Thanksgiving wishes from Paella – sorry to have been missing for a while but…
…my husband was, out of nowhere, diagnosed with pancreatic cancer on approximately my 4 month SCT birthday. We were freaked out (that’s capital F-R-E-A-K-E-D.) In mid-September we thought he had a hernia, our Urology Nurse Practitioner at City of Hope (where he had a prostatectomy in ’10) thought he had a hernia but a CT showed lymph nodes swollen with metastasized cancer from somewhere in the upper GI. For a couple weeks it was considered Cancer of Unknown Primary.
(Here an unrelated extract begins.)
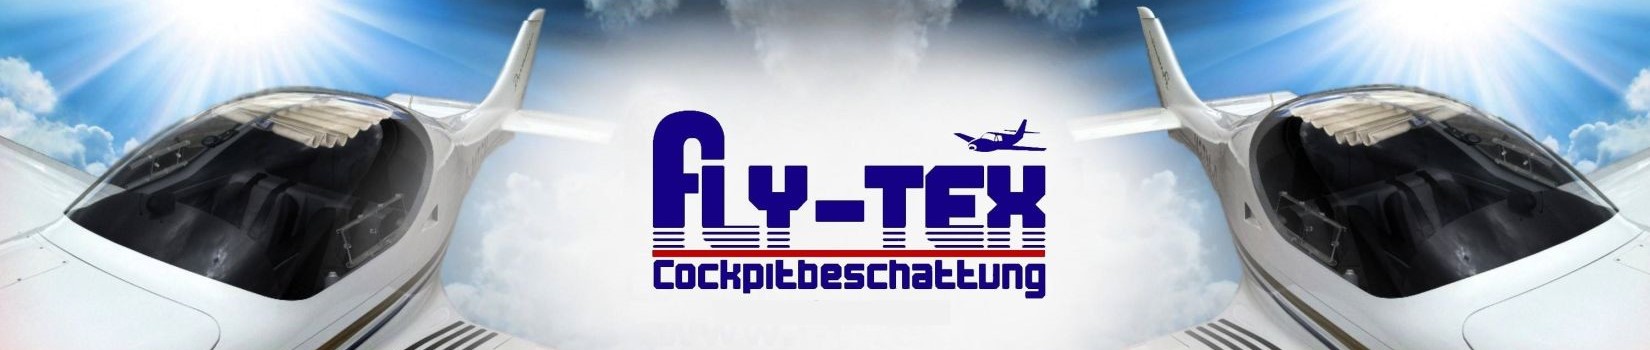 Fly-Tex Cockpitbeschattung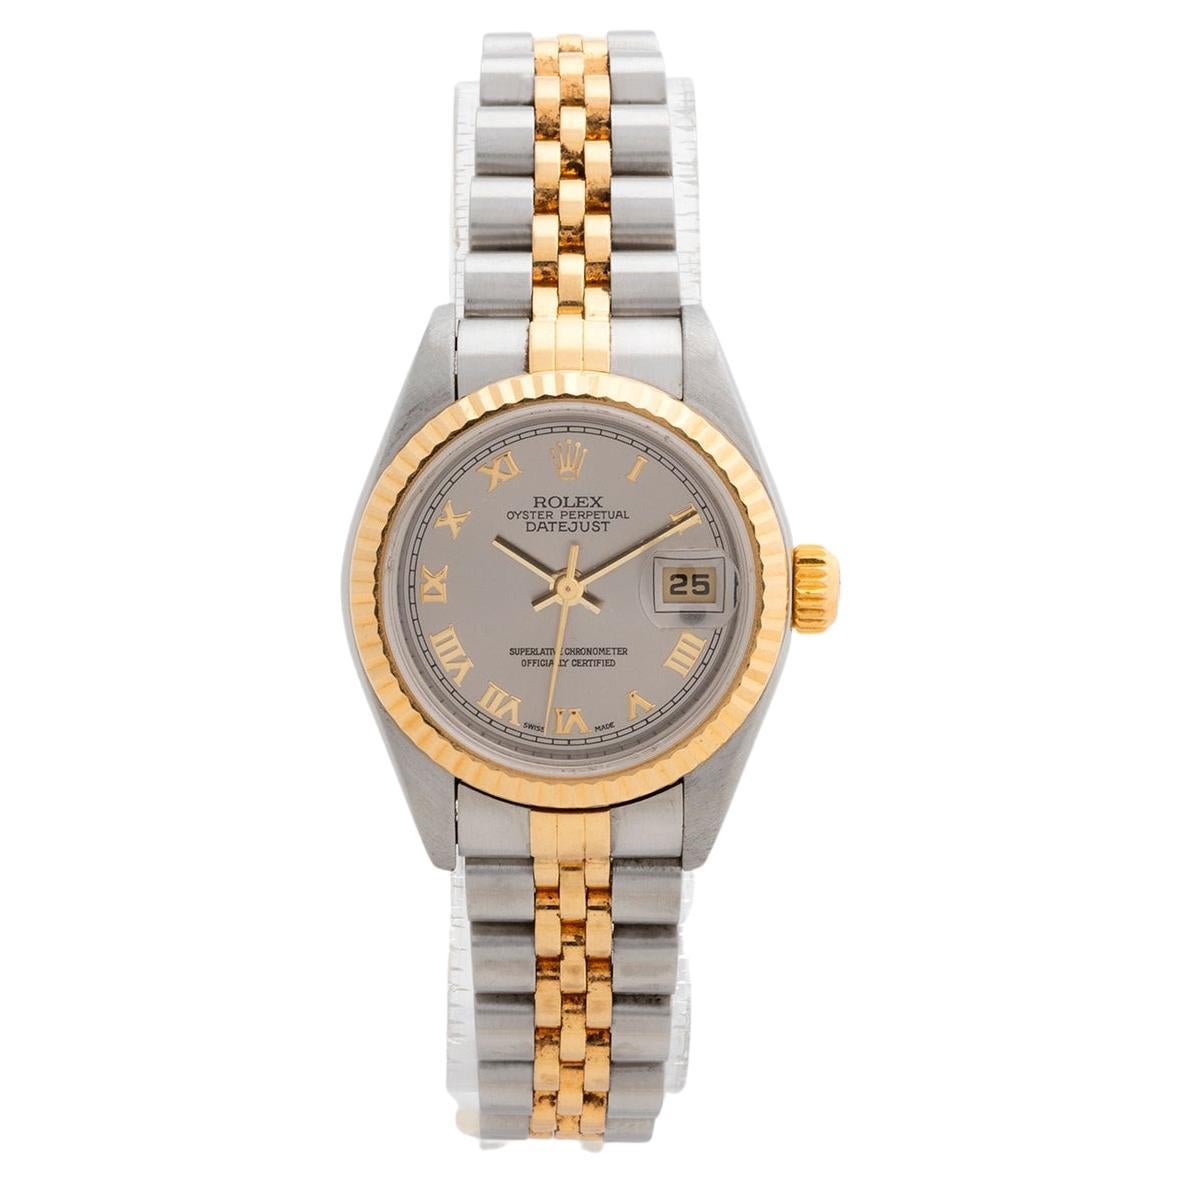 Montre-bracelet Rolex Lady Datejust pour femme, cadran gris rhodium. Ref 79173.

Meanwhile, various procedures and a smart doctor found it to be a rare form of pancreatic carcinoma called “acinar cell”; a slightly better kind to have than general pancreatic cancer or even pancreatic ductile cancer. Apparently a bit slower and a bit more responsive to chemo. It’s a toxic treat, that chemo, but his first 50 hours went just great. It was not caught early (as one might assume from the hernia that wasn’t a hernia). This is one of those several cancers that is very rarely caught early. SO surreal, so hard to believe and so very devastating. Mac’s a fighter, has a great attitude and is in excellent shape (and works hard to be that way)…no symptoms and no side effects so far (Folfirinox). Thus our new normal has evolved and we are now both patients and care-givers.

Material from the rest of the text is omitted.